BEGIN

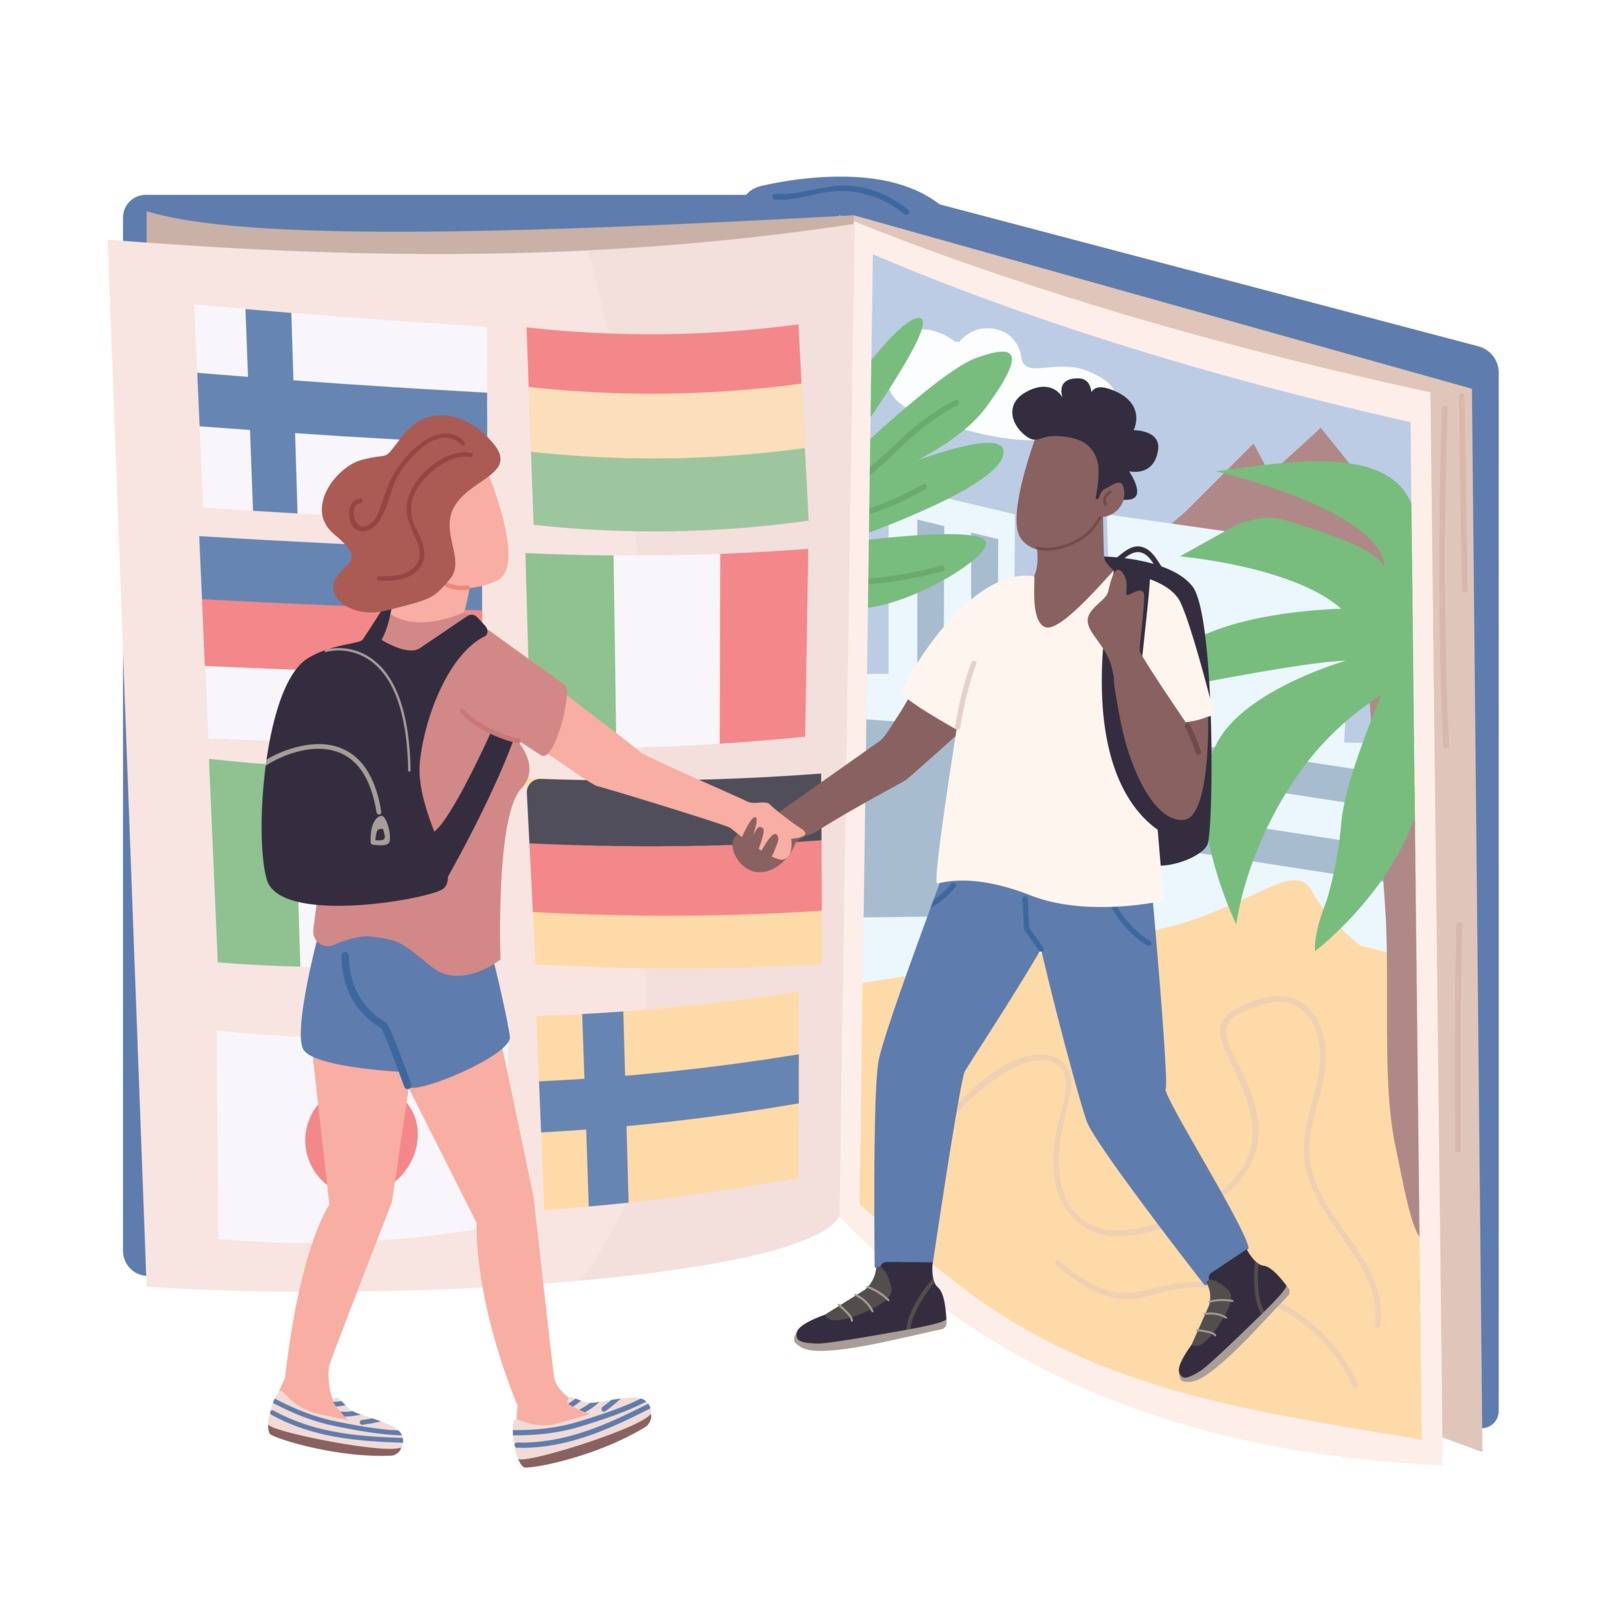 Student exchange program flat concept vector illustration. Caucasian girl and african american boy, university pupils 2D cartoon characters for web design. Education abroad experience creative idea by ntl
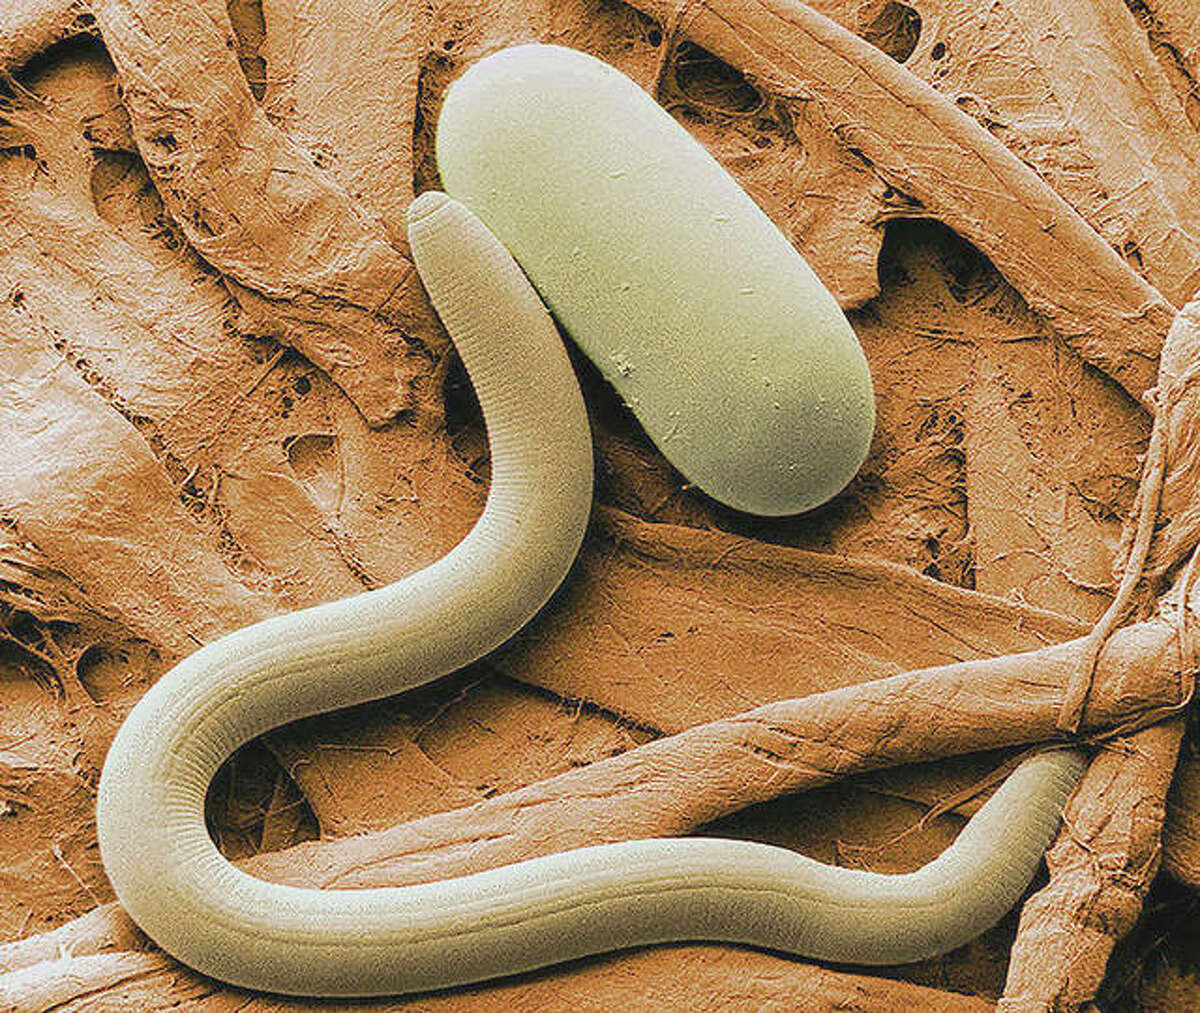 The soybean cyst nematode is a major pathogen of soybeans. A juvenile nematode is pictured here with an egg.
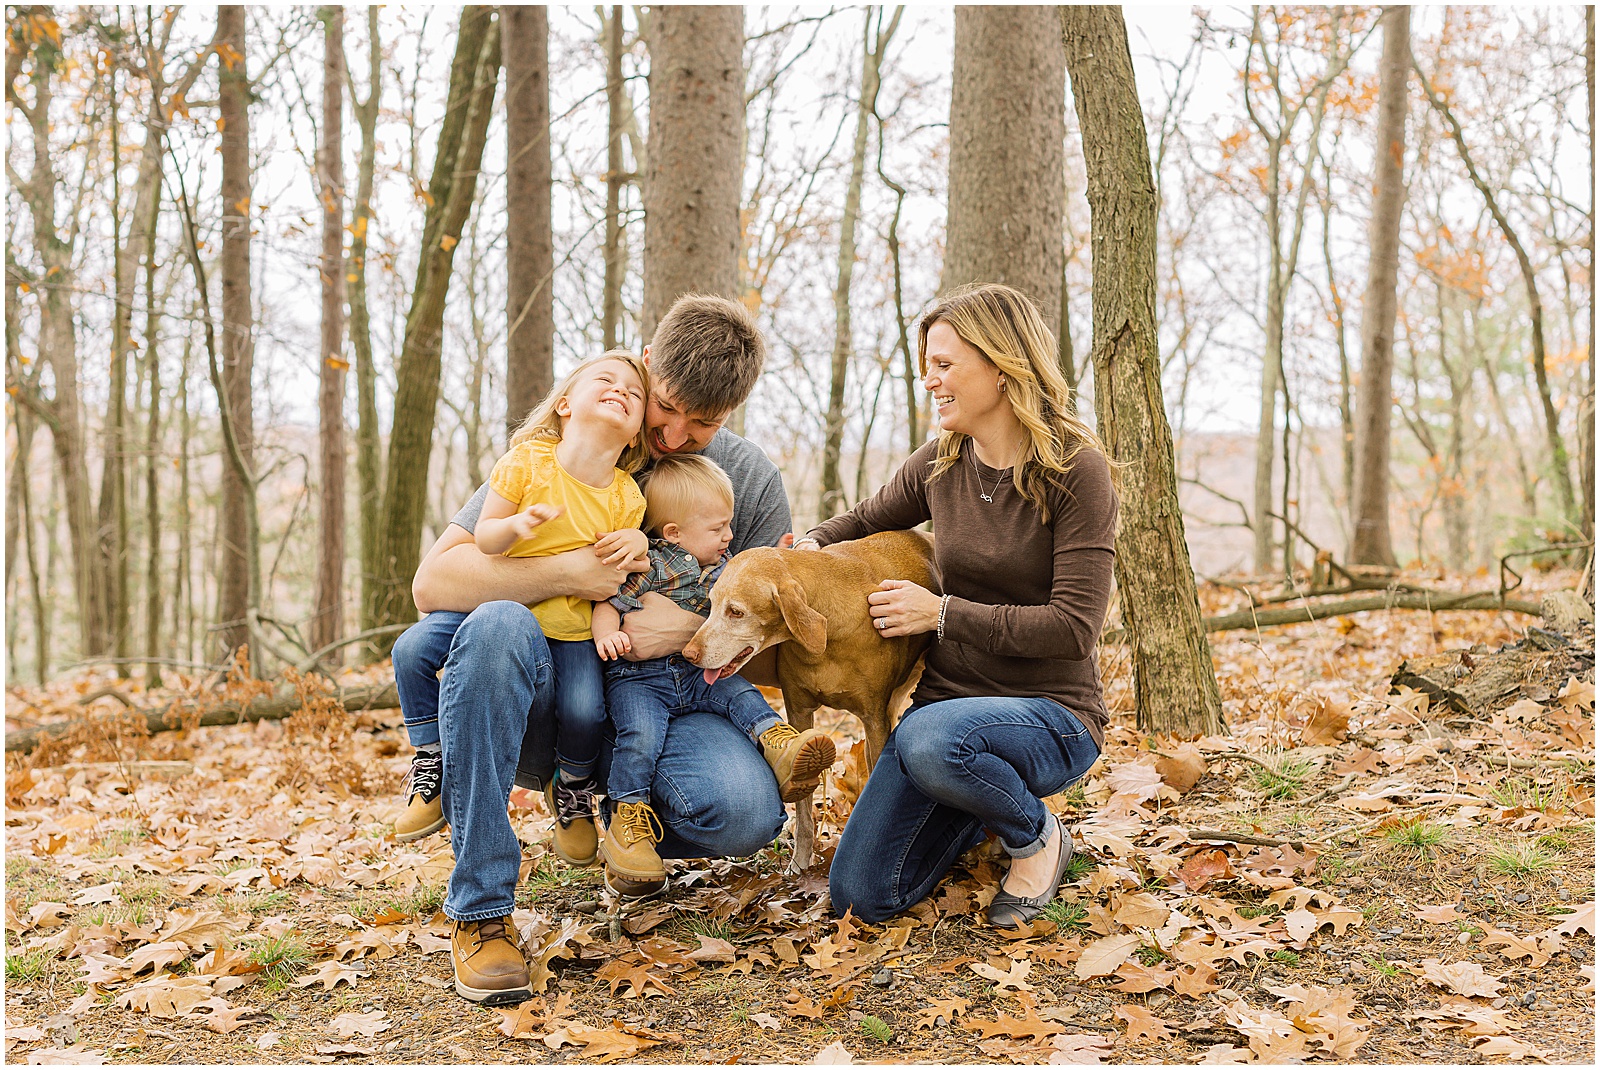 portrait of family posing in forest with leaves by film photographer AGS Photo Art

END

Goal of the exercise ->
Restate word for word only the lines from the one with "The soybean cyst" through the last line of the material, both included. Any picture should be left out.

Exercise result ->
 The soybean cyst nematode is a major pathogen of soybeans. A juvenile nematode is pictured here with an egg.
 portrait of family posing in forest with leaves by film photographer AGS Photo Art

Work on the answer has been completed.